* **TASK BRIEF**:
Nothing in the data should change when you return it, but leave the pictures out.

[[ DATASET CONTENT open ]]

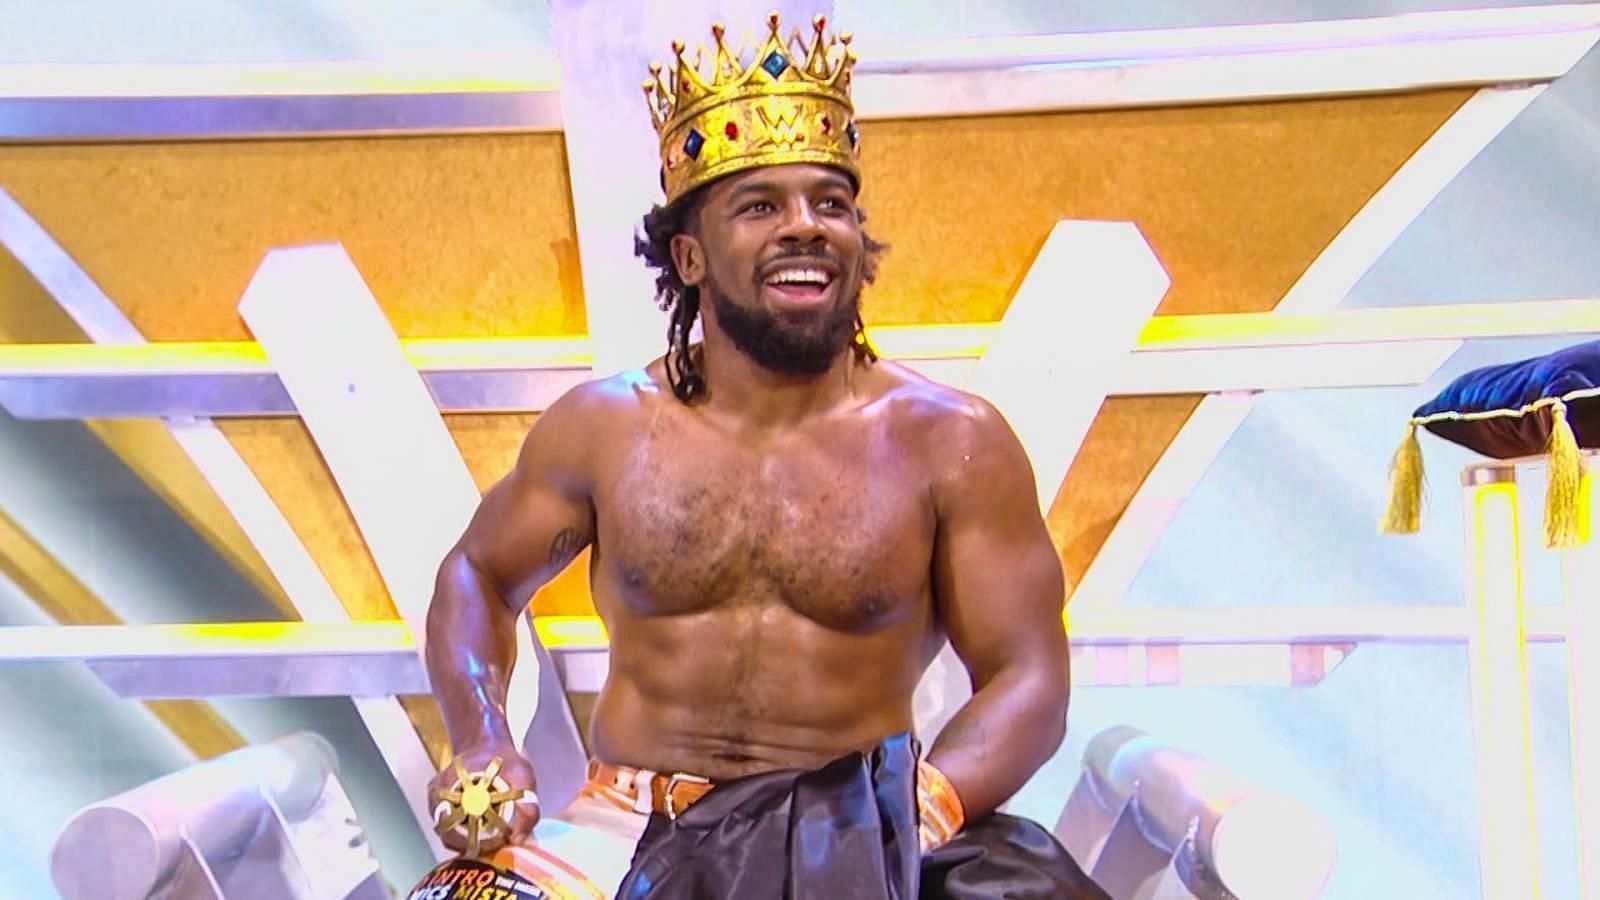 Xavier Woods won the 2021 King of the Ring tournament
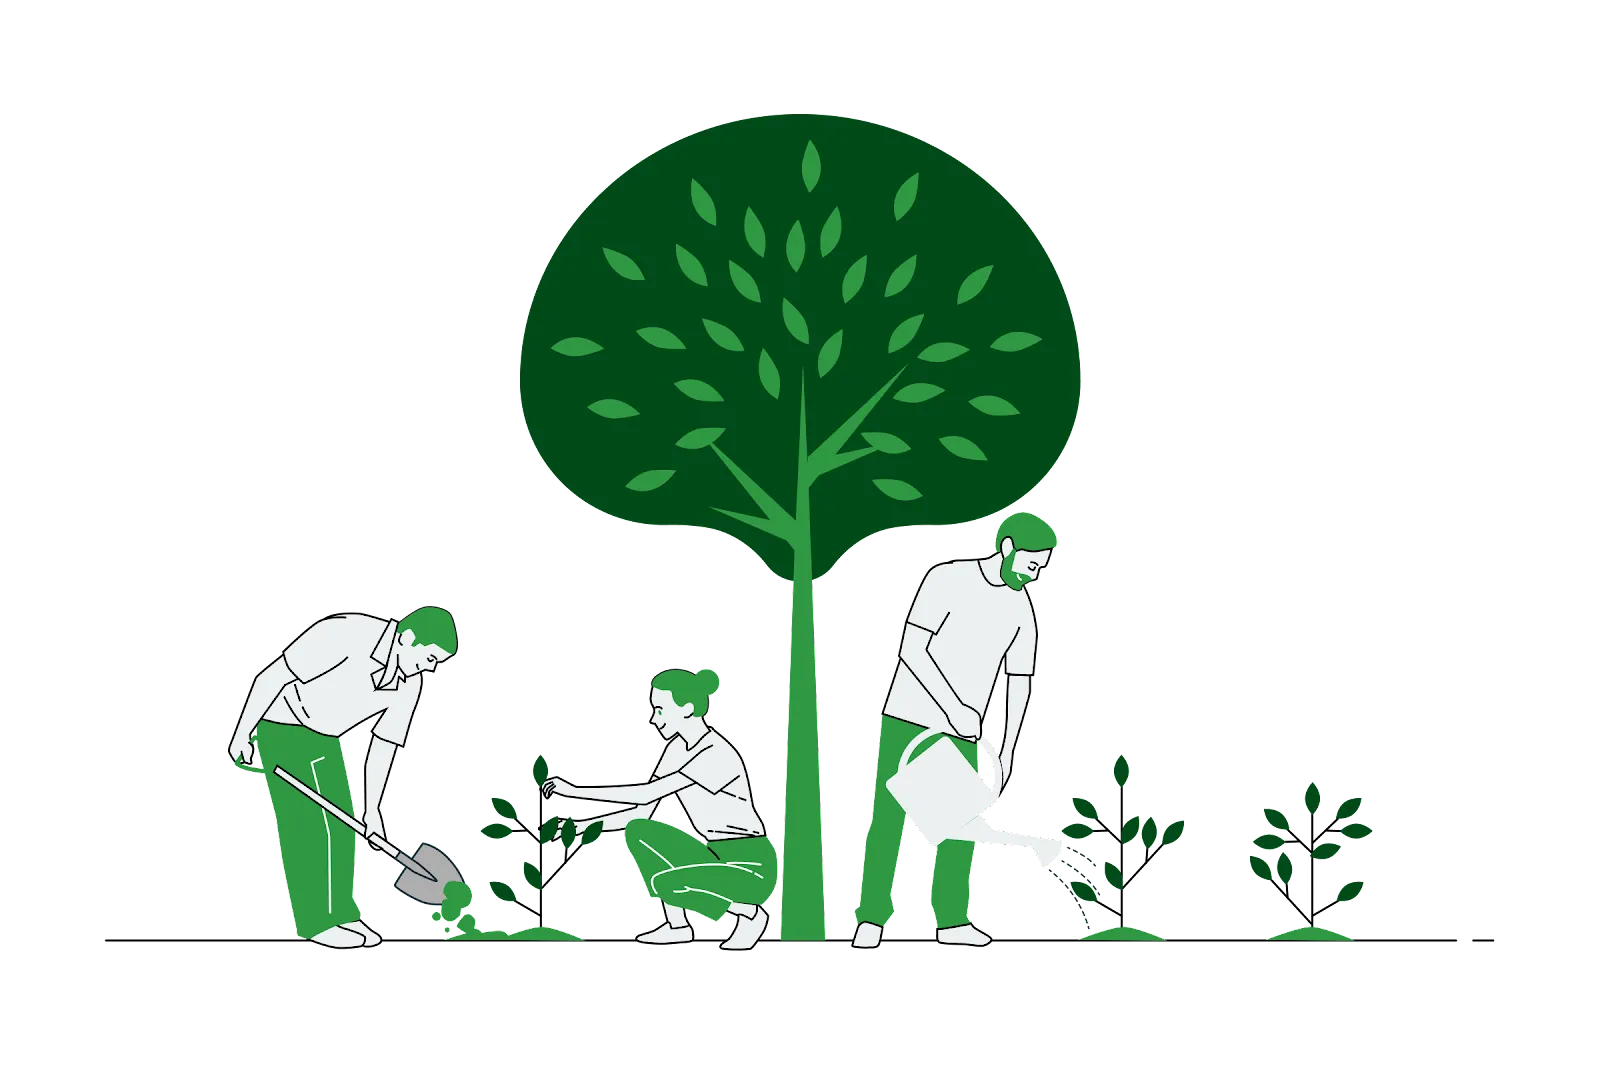  An image titled "Preventing soil erosion through reforestation" showing three people planting trees on soil. The image depicts individuals engaged in reforestation efforts by growing plants on the ground. In the background, a tall tree can be seen, symbolizing the positive impact of reforestation in preventing soil erosion and promoting environmental conservation.
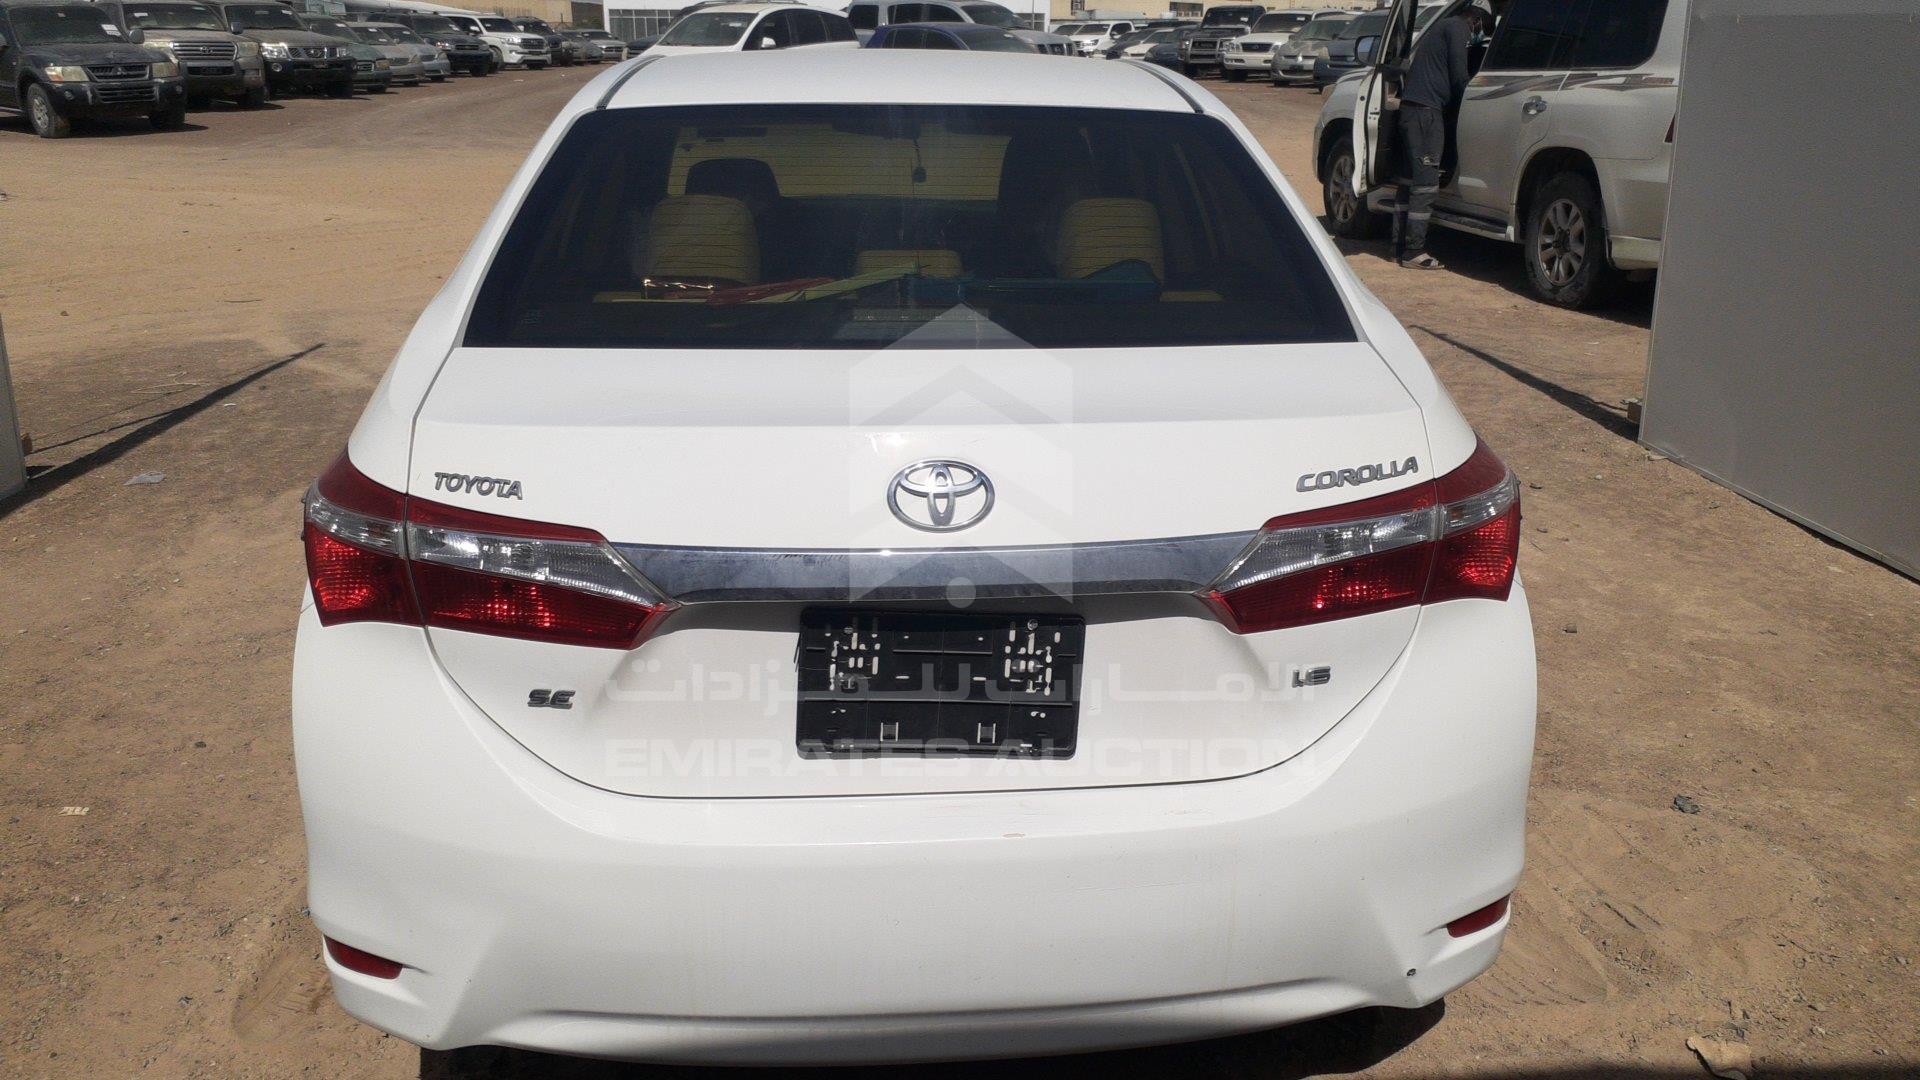 image 3 16 - corolla 2014 price 7000 in auction

[[ DATASET CONTENT closed ]]

* **RESULT**:
 Xavier Woods won the 2021 King of the Ring tournament
  An image titled "Preventing soil erosion through reforestation" showing three people planting trees on soil. The image depicts individuals engaged in reforestation efforts by growing plants on the ground. In the background, a tall tree can be seen, symbolizing the positive impact of reforestation in preventing soil erosion and promoting environmental conservation.
 image 3 16 - corolla 2014 price 7000 in auction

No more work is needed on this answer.